### What you should do:
Lines holding the word "eine" must be located in the listing below and copied.

### Data to process:
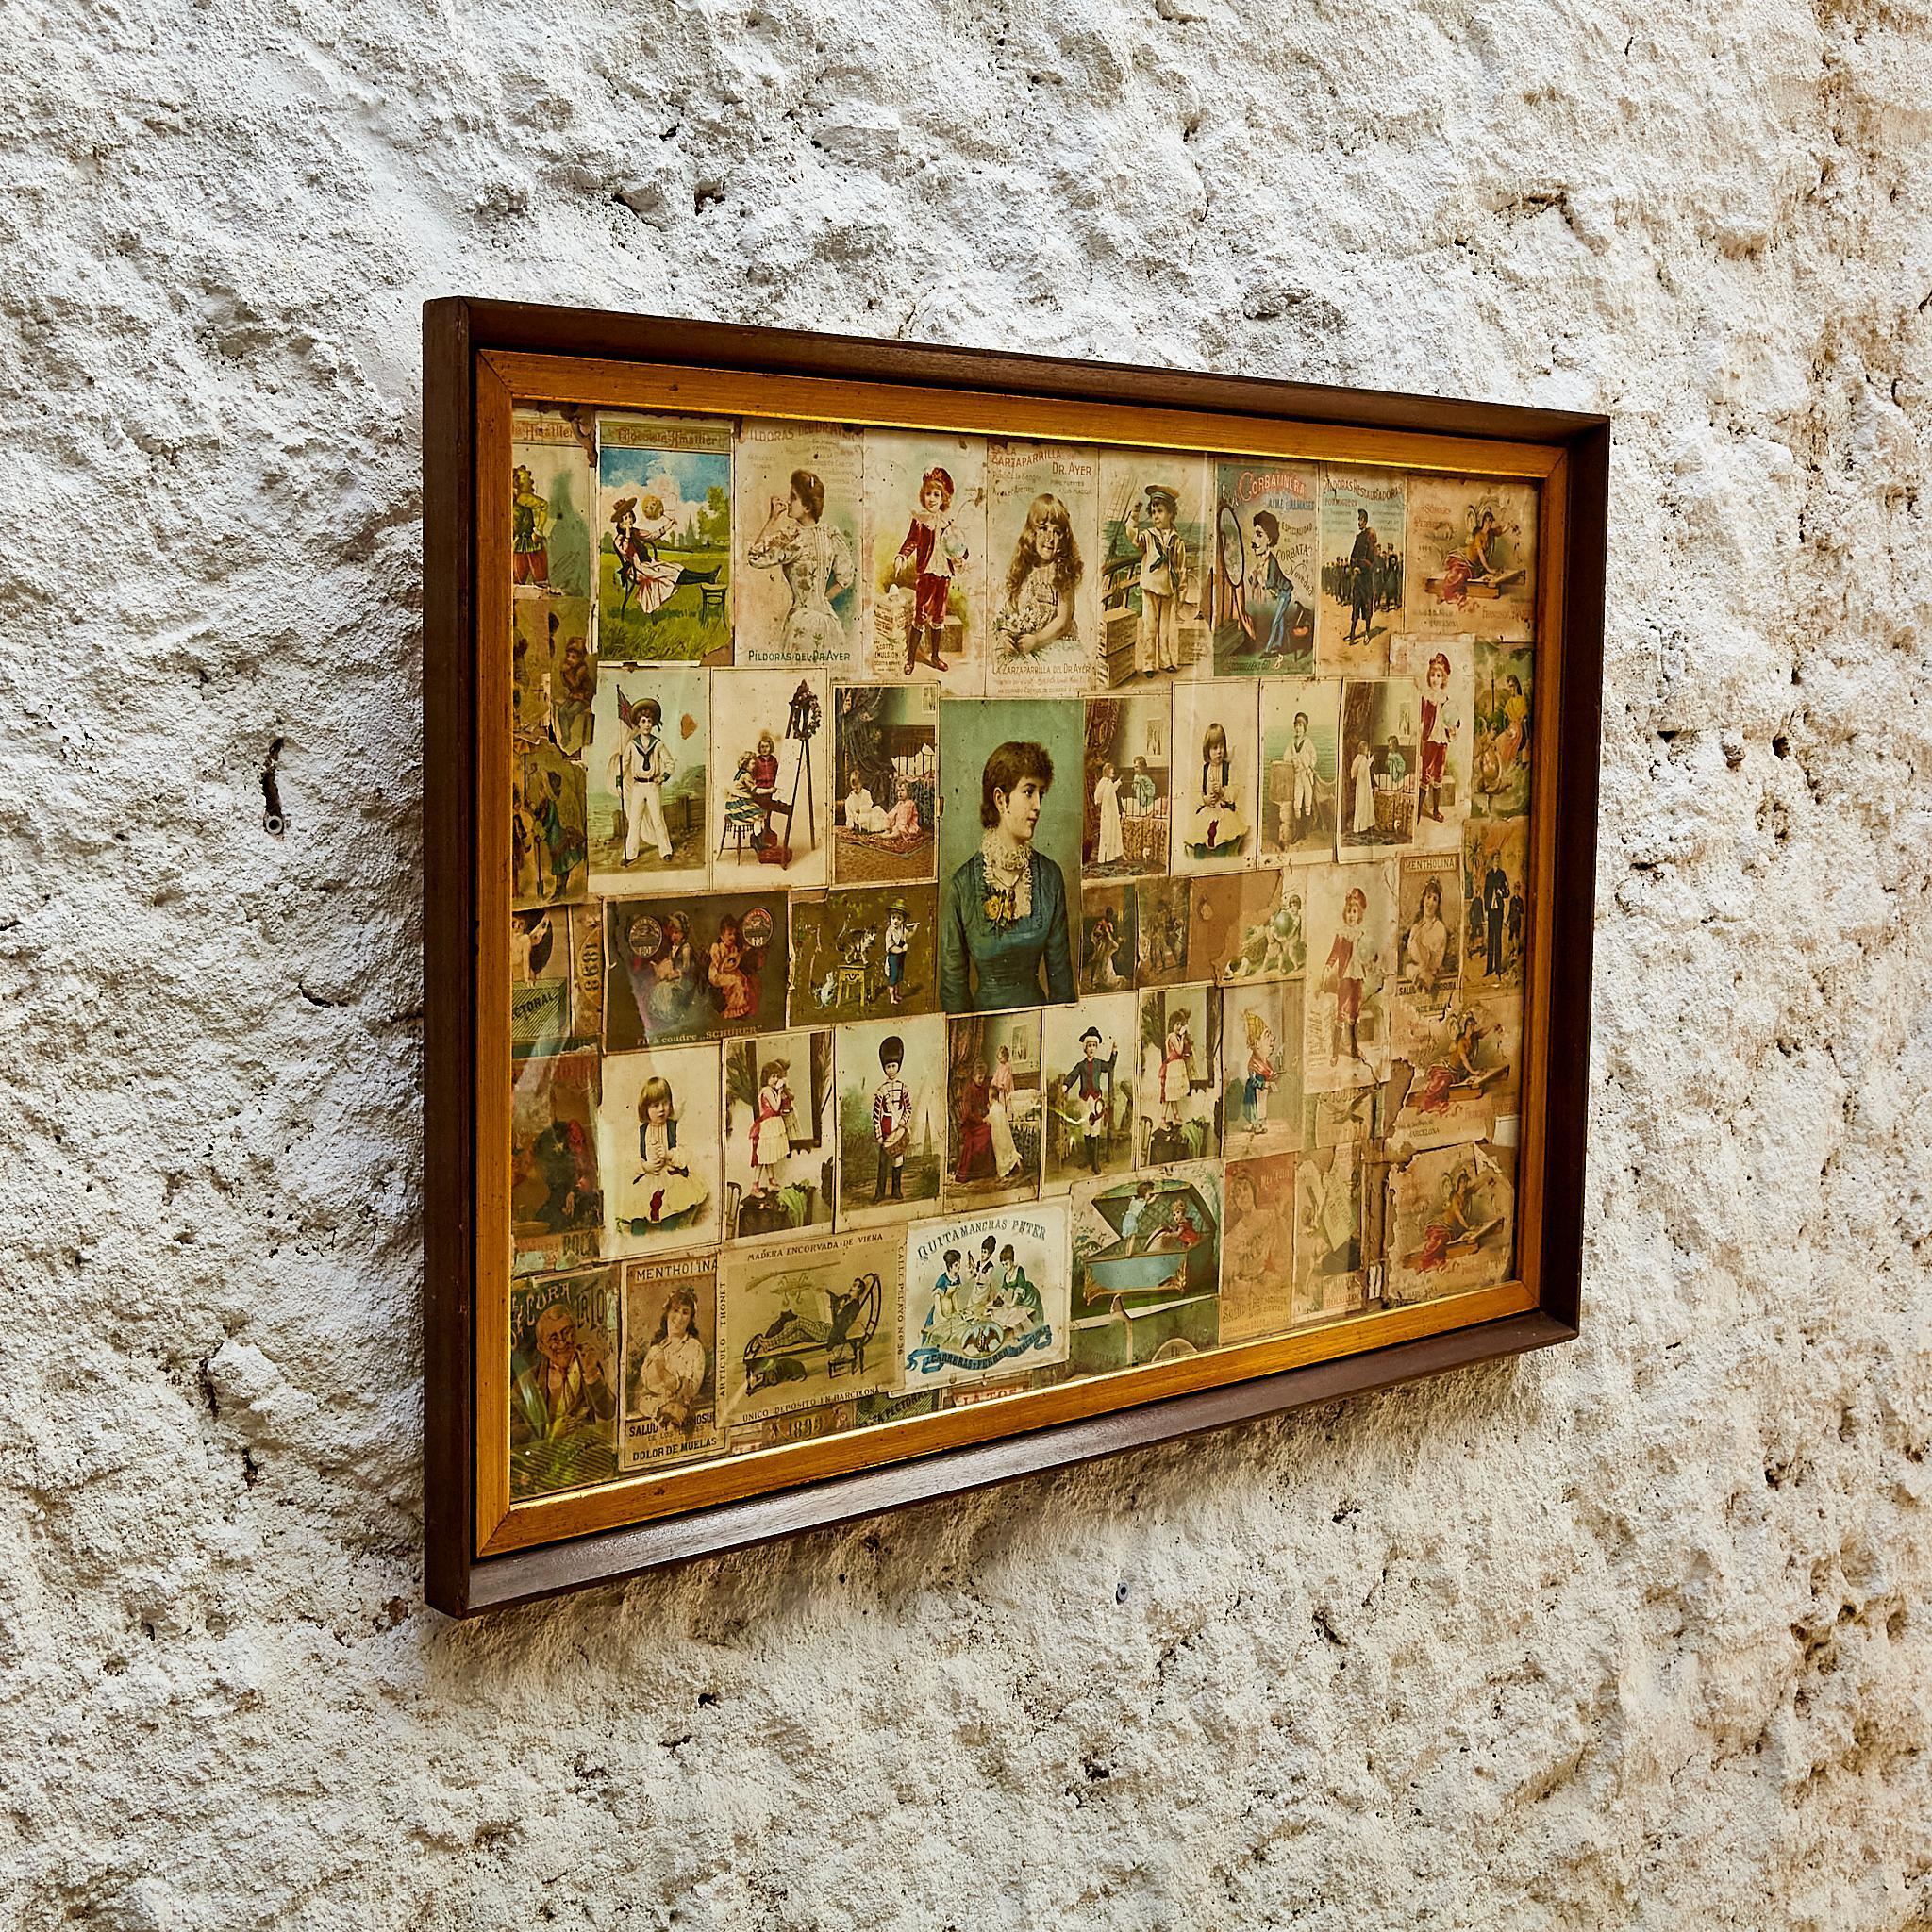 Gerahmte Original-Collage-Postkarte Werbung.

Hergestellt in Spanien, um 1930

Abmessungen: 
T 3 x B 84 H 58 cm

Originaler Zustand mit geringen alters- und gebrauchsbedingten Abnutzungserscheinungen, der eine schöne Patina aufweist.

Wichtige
...
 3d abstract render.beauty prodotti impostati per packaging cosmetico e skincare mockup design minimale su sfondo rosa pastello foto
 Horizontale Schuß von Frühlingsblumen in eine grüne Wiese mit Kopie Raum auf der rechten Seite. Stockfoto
* * *
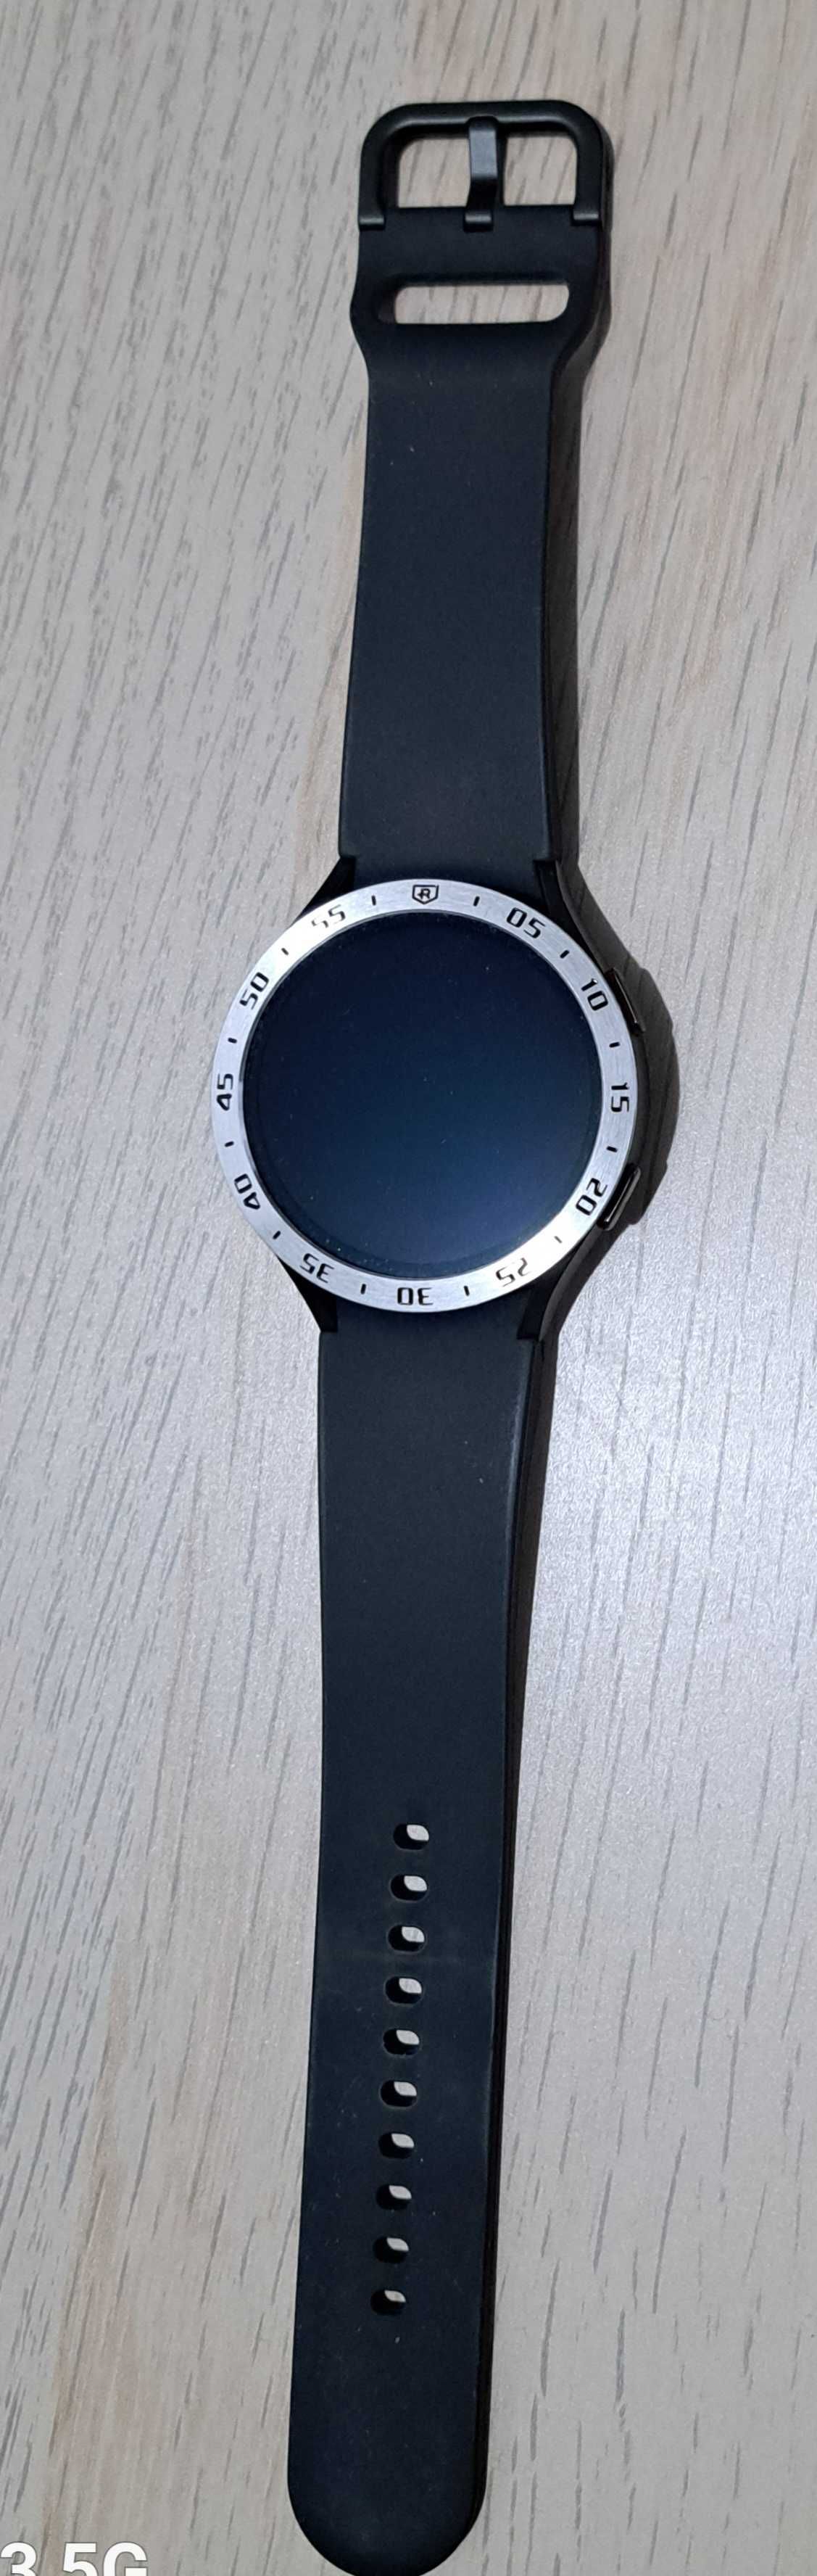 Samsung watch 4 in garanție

### Written solution:
Originaler Zustand mit geringen alters- und gebrauchsbedingten Abnutzungserscheinungen, der eine schöne Patina aufweist.
 Horizontale Schuß von Frühlingsblumen in eine grüne Wiese mit Kopie Raum auf der rechten Seite. Stockfoto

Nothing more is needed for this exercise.